● WORK INSTRUCTIONS: Copy out exactly the lines beginning with the one that contains "Reclama tu microcrédito" and ending at the last line of the listing, skipping any pictures.

● EXERCISE DATA:

....

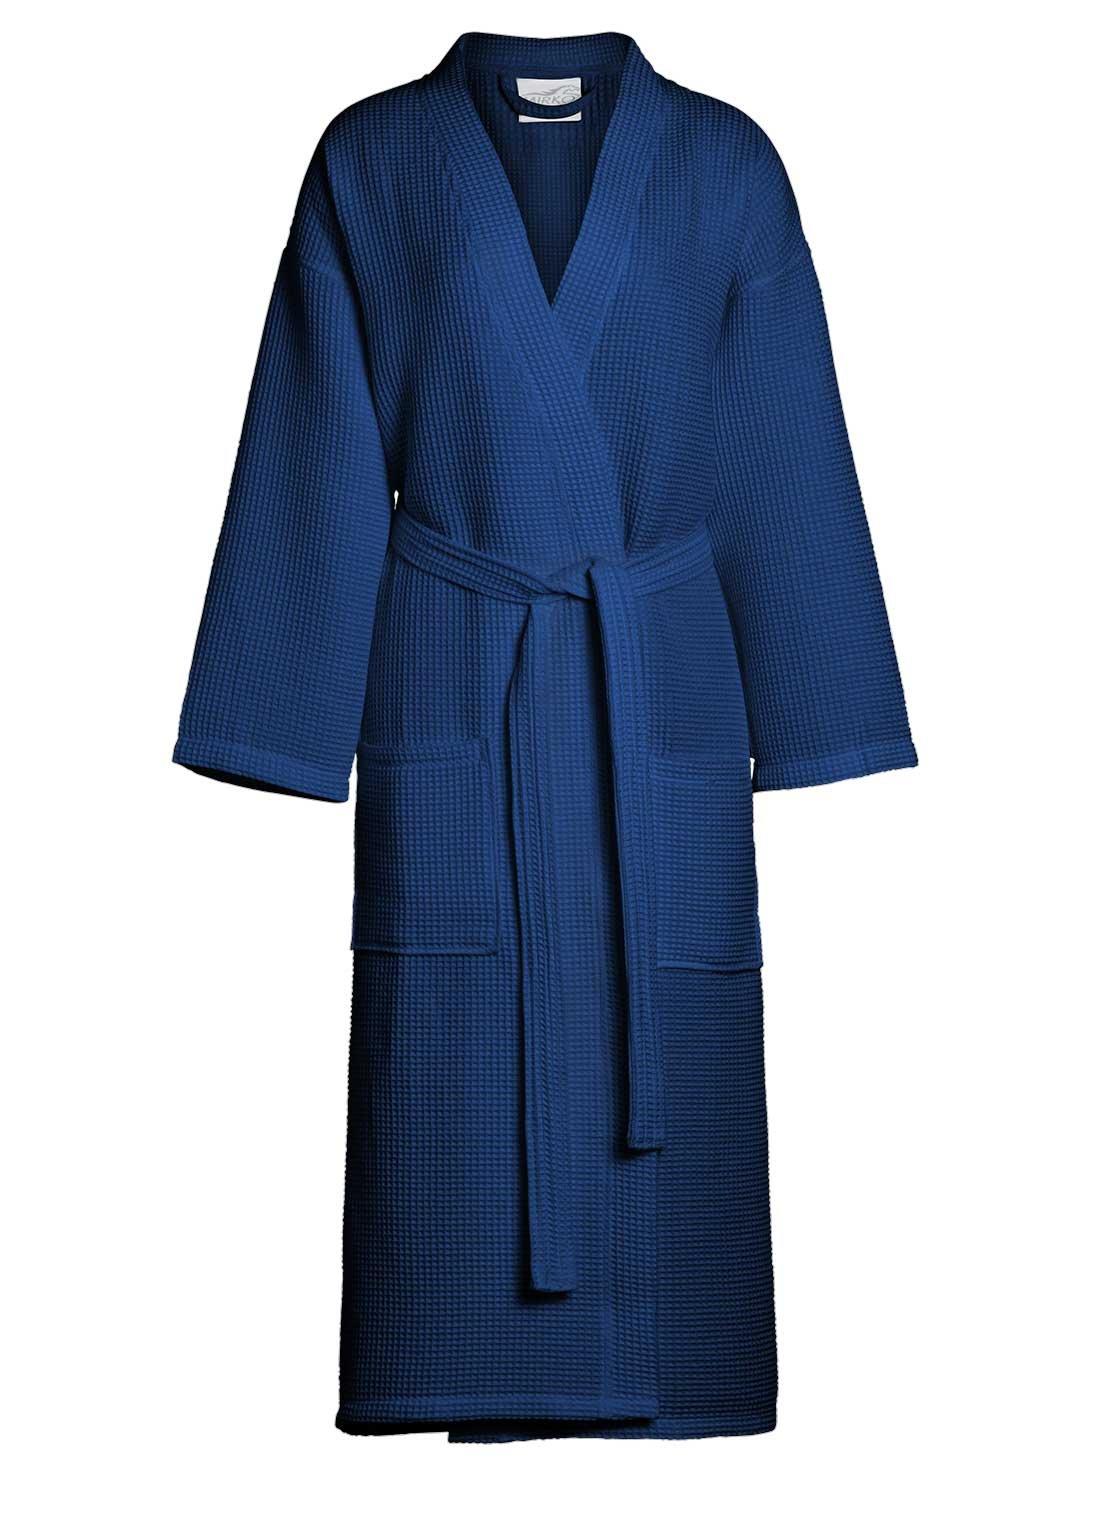 Men's Waffle Kimono Bathrobe Square Pattern - Spa Robe (Large/one Size, Navy)
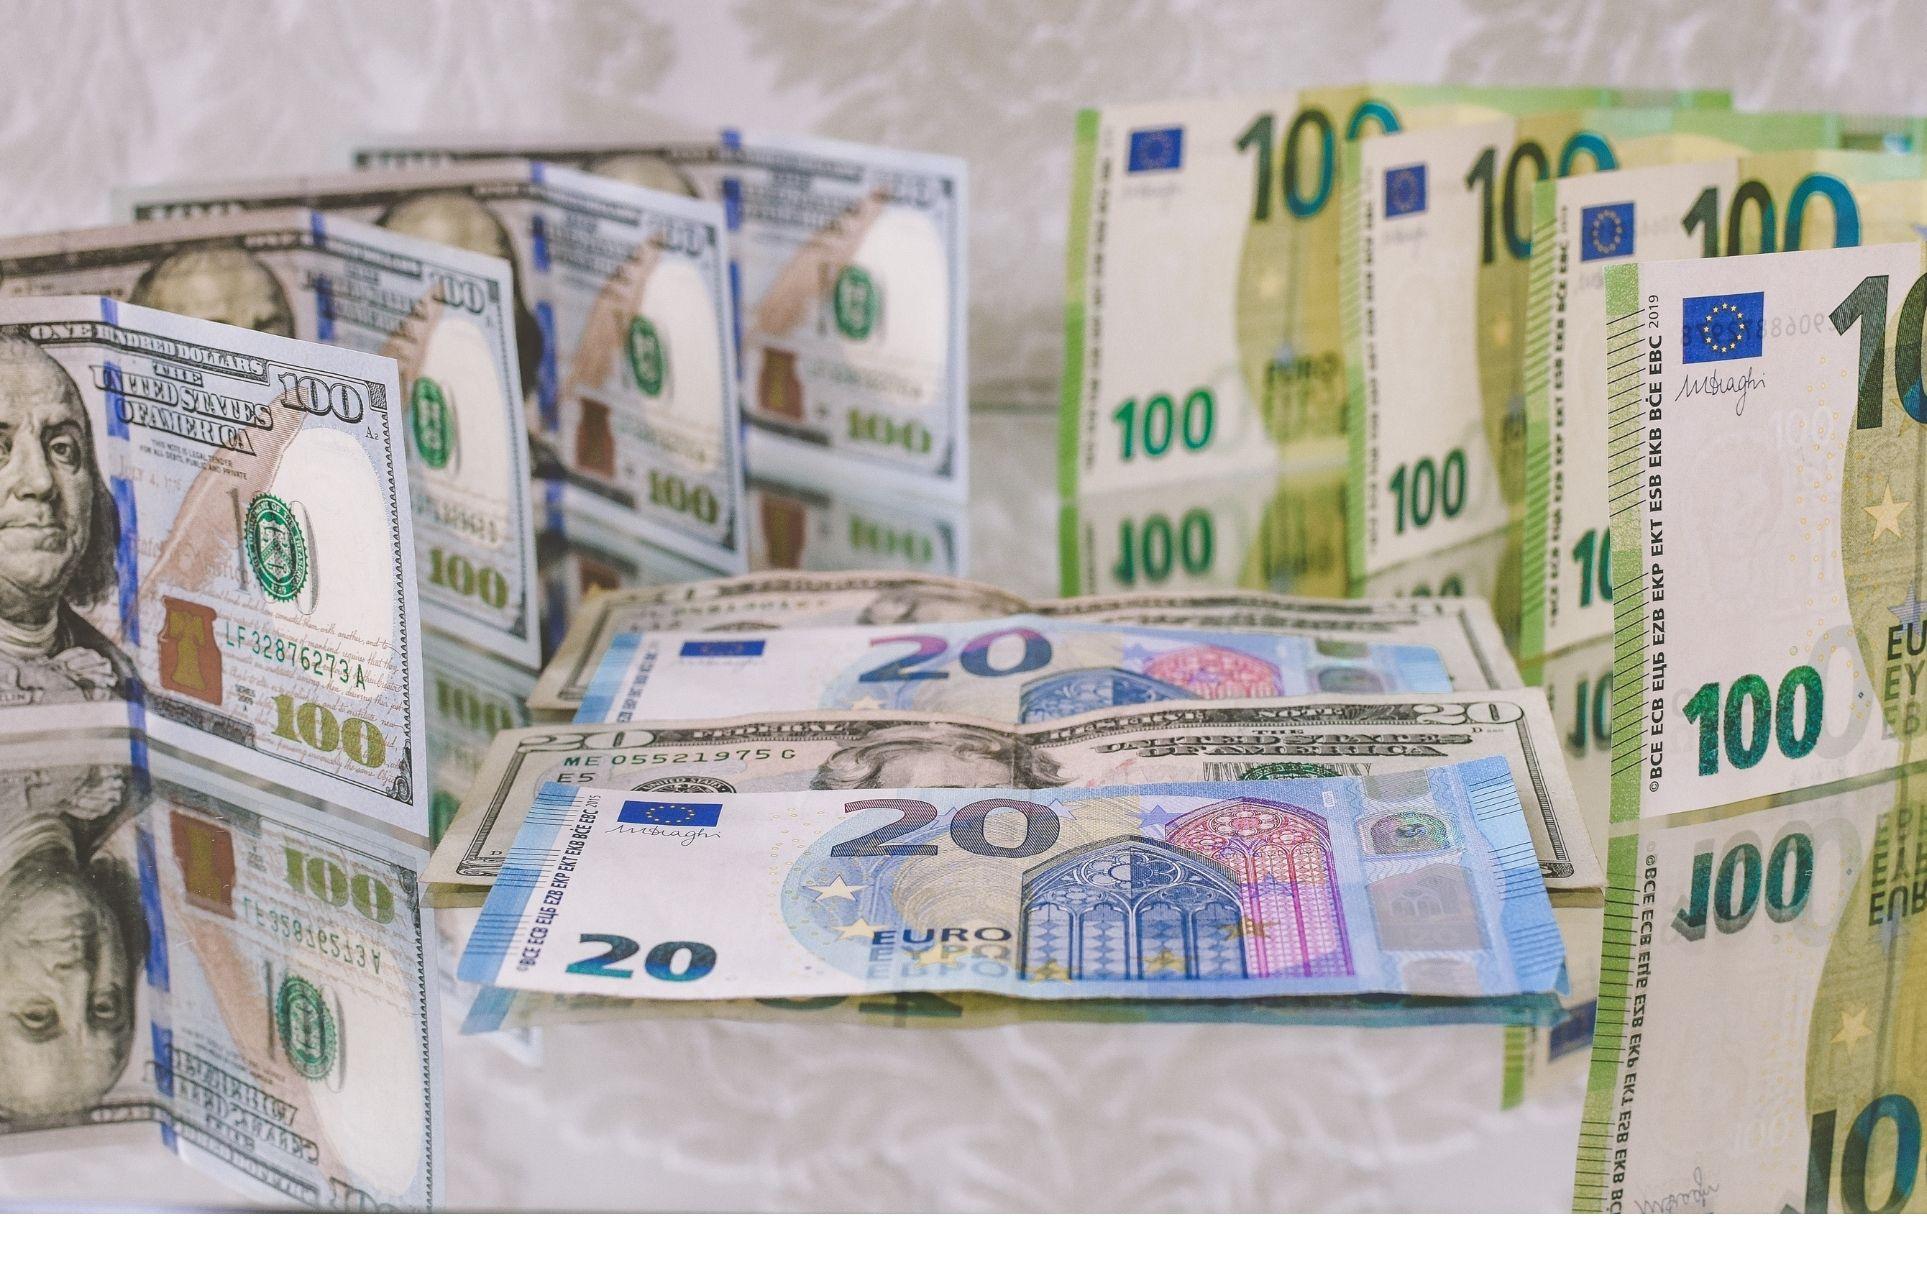 Reclama tu microcrédito Ibercrédito y Recupera tu dinero YA
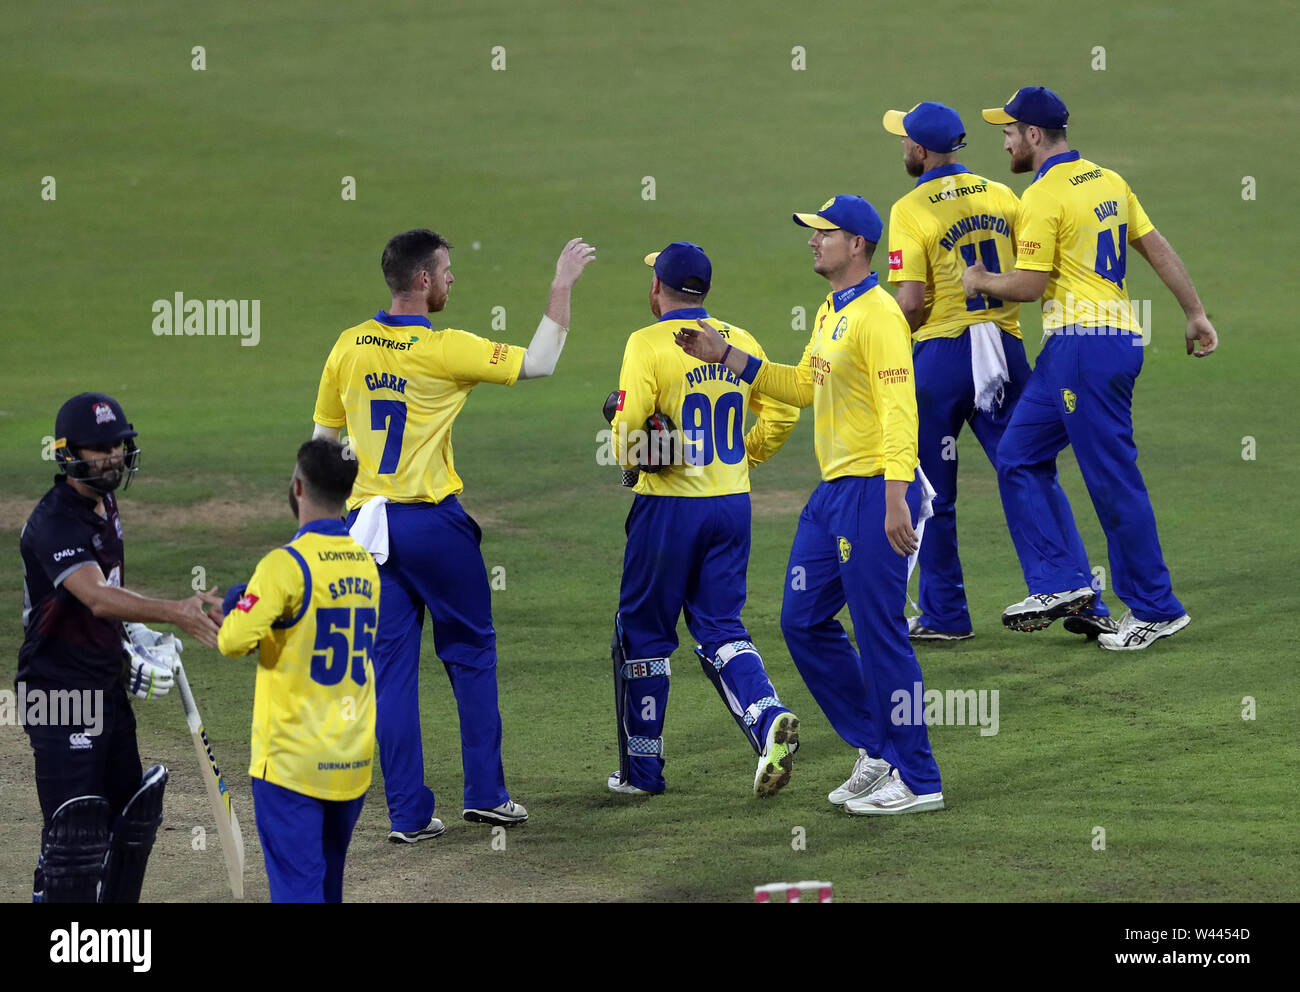 Durham players celebrate winning the match during the Vitality Blast T20 match at Emirates Riverside, Durham. - Stock Image

....

● TASK SOLUTION:
 Reclama tu microcrédito Ibercrédito y Recupera tu dinero YA
 Durham players celebrate winning the match during the Vitality Blast T20 match at Emirates Riverside, Durham. - Stock Image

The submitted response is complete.